胸オペの意味は、なんでしょう?

語句からすると、そのままの意味は、「胸のオペ」になります。ところが、胸のオペというとその目的がいろいろあり、たくさんの手術の種類があります。

一般的には、乳がんのオペなどがまず頭に浮かぶかもしれません。特にここで言う「胸オペ」は、性同一性障害gidの当事者の人たちが、乳腺摘出、乳房切除、乳房摘出に関して使う俗語みたいなものです。

性同一性障害gidの間では、少し特殊な用語を使います。例えば、「ナベシャツ」は、胸を圧迫するバンドでさらしみたいなものです。胸オペもそのような用語の1つです。

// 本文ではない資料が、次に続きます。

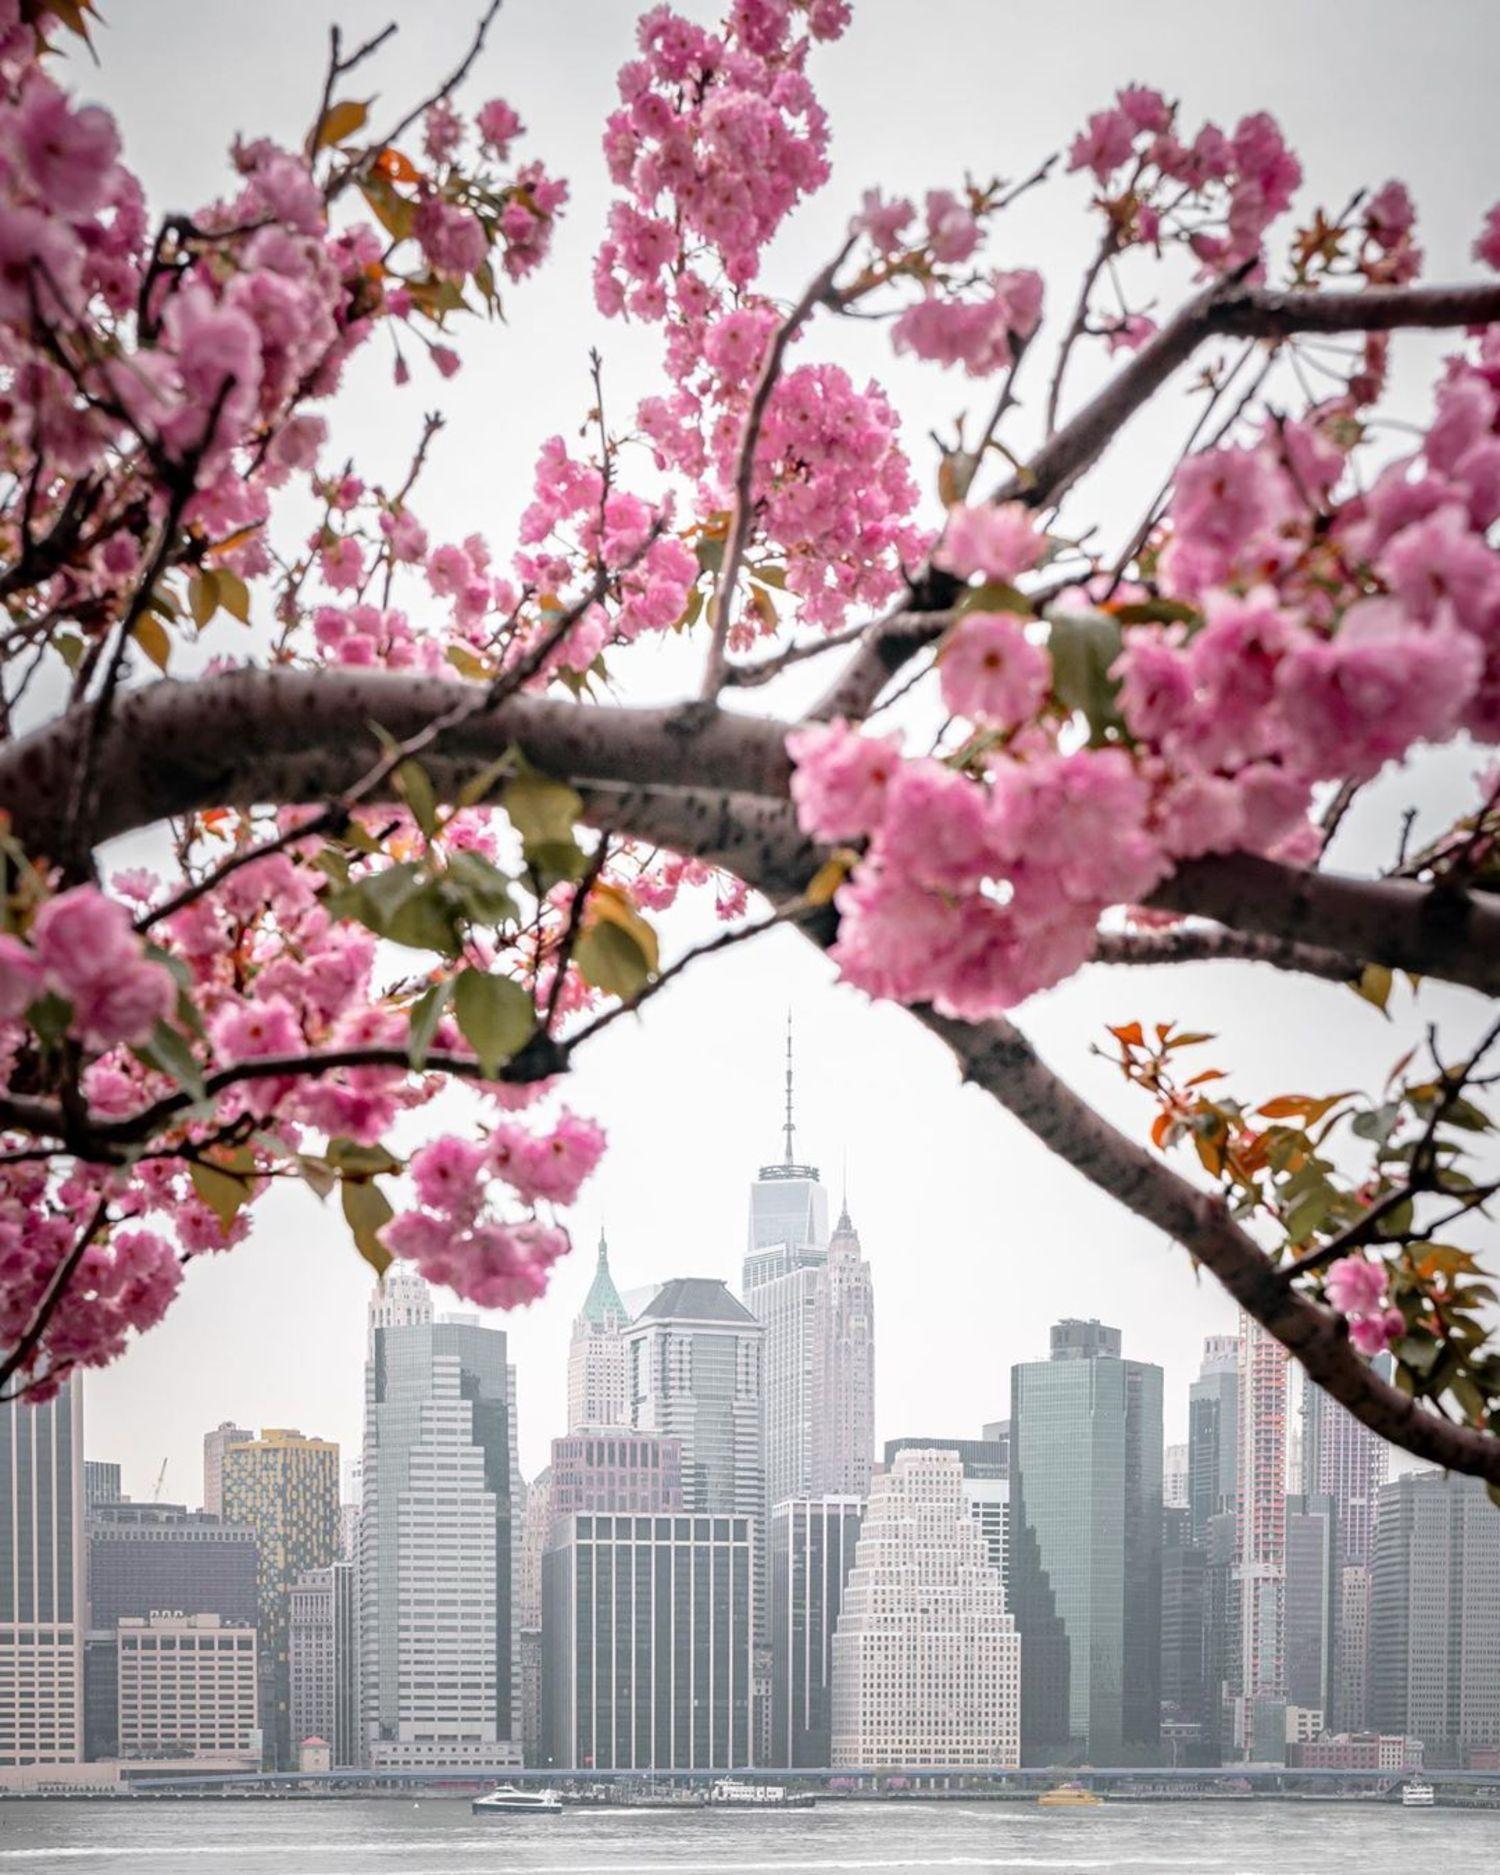 Lower Manhattan Skyline from Brooklyn

さて、胸オペとはどんな手術かと言うと、胸または乳房のふくらみを取るための手術です。乳腺摘出、乳房切除、かなり大きいひとには、乳房切断のことをいいます。

胸オペは男性化への第一歩

FTMの男性化するための身体的治療は、男性ホルモン治療、手術治療となります。手術治療は、FTMだと、ほとんど最初に行うのが胸オペです。その後必要によって性別適合手術と順に進みます。
胸オペは、FTMの男性化に必要

FTMの一部の人、性別違和を感じる人たちにとって、必ずにも男性ホルモン治療を受けるわけではありません。ただ、やはり胸には違和感を感じるひとは多いようです。 胸、乳房のふくらみは、やはり女性を象徴する身体の場所にほかならないからでしょう。

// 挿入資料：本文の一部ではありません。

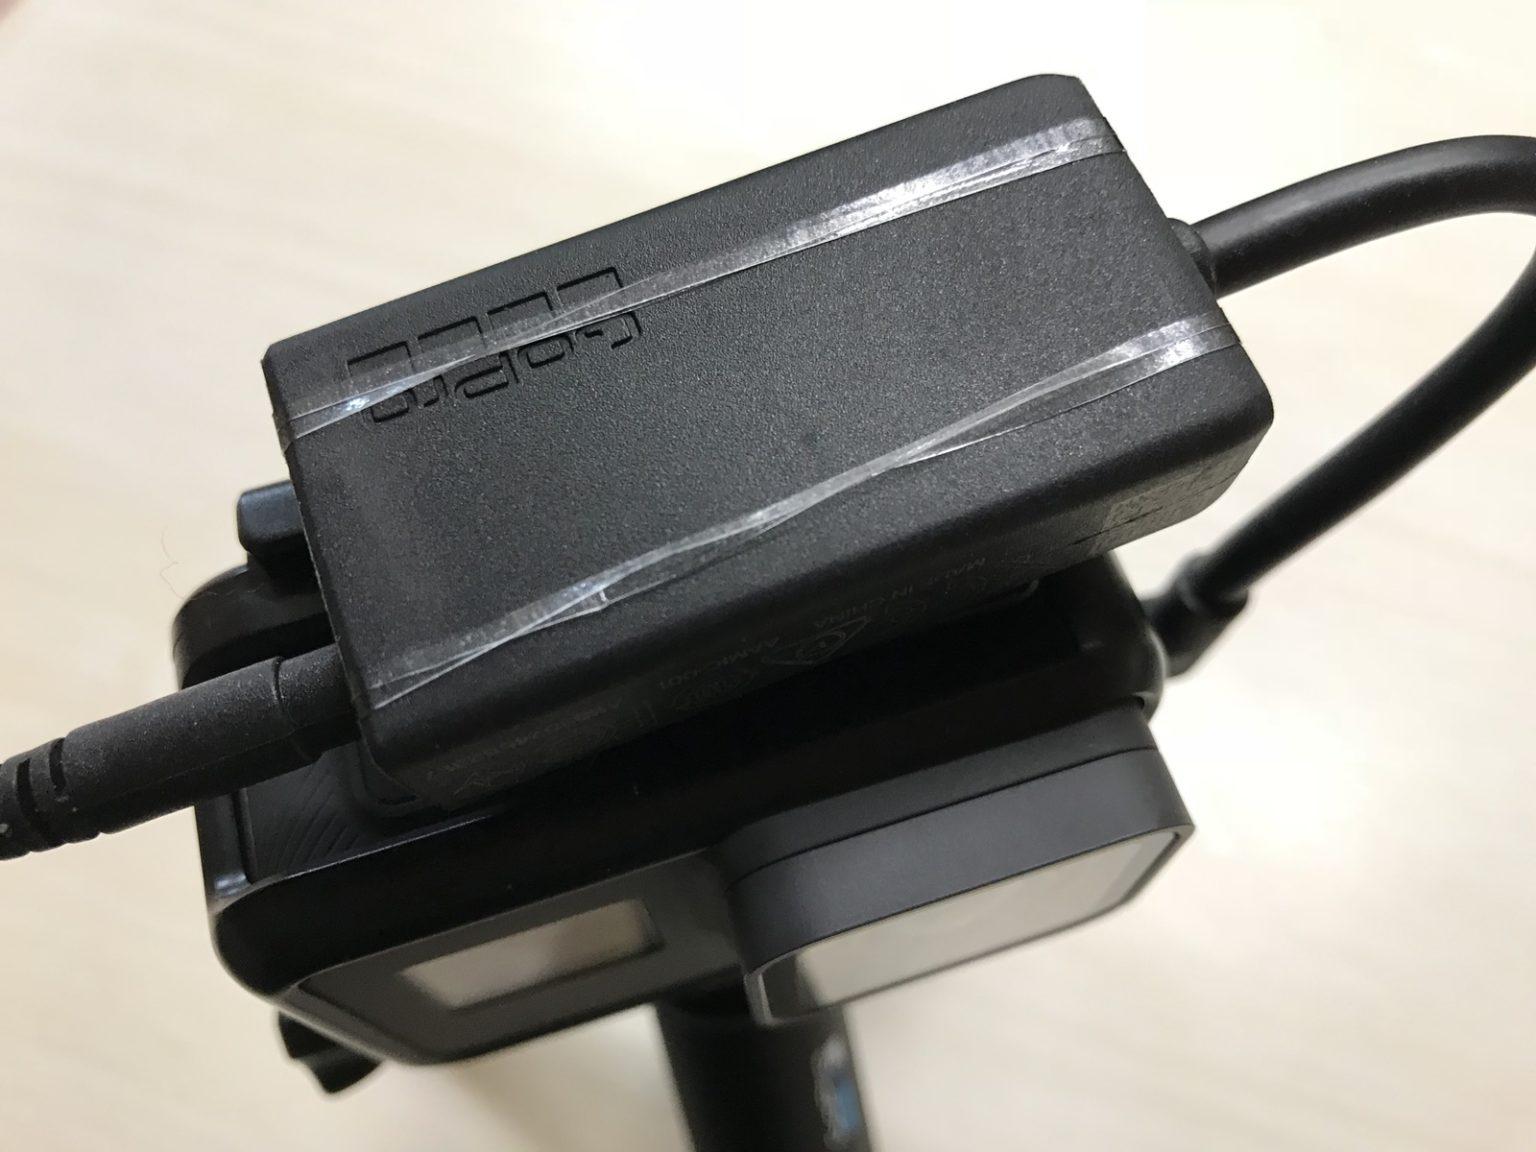 プロ3.5mmマイクアダプターをGoProのフレーム上部に装着

FTMのひとは、胸オペの前後で、身体に対するボディーイメージの満足度が違ってきます。もちろん、胸オペ後には、身体のボディーイメージはよくなり、それ以外にも生活の質(QOL)もかなり改善します。

胸オペは、FTMのための男性化に必須

性同一性障害gid、性別違和を理由とする胸オペ(乳房切除、胸部の手術)は、一般的な他の手術とは異なり、単なる選択肢のひとつではありません。

典型的な一般的な手術は、受診者と外科医の間で、各手術方法のメリット、デメリットなどについて話し合い、お互いに同意のものに契約に基づいて行われるものです。

胸オペは、医学的に必要な手術

一方、性同一性障害gid、性別違和に対する胸オペは乳房切除、乳腺摘出、胸部手術というのは、FTM当事者にとって、男性化にも医学的にも必要な治療であり、これらの背景を十分に理解している医師による評価が行われて初めて行われるものです。
胸オペの男性化

胸オペ手術は、その評価が実施された事実、およびある特定の外科的治療をうける条件が満たされていることを性同一性障害gidなどのジェンダー医療に精通している医師によって、初めて実施されるのが望ましいでしょう。

もちろん、それにFTM当事者自身が、もとに戻らない身体である手術であるということも十分に理解する必要があります。

胸オペは美容整形手術か?

一般的な乳がんなどで変形した欠損した乳房を美容的に再建する形成外科の手術、または、性同一性障害gidに関する胸オペや性別適合手術でも、純粋に再建的なものと美容的なものとは、明確な区別はありません。

ほとんどの形成外科的手術は、実際のところ、再建的要素と美容的要素の両方がミックスしています。

美容整形手術は、一般的には、医学的な必要性がないものと考えられています。

胸オペ(乳腺切除、乳房切除術)が純粋な美容目的とは言えないという点については、異論はないでしょう。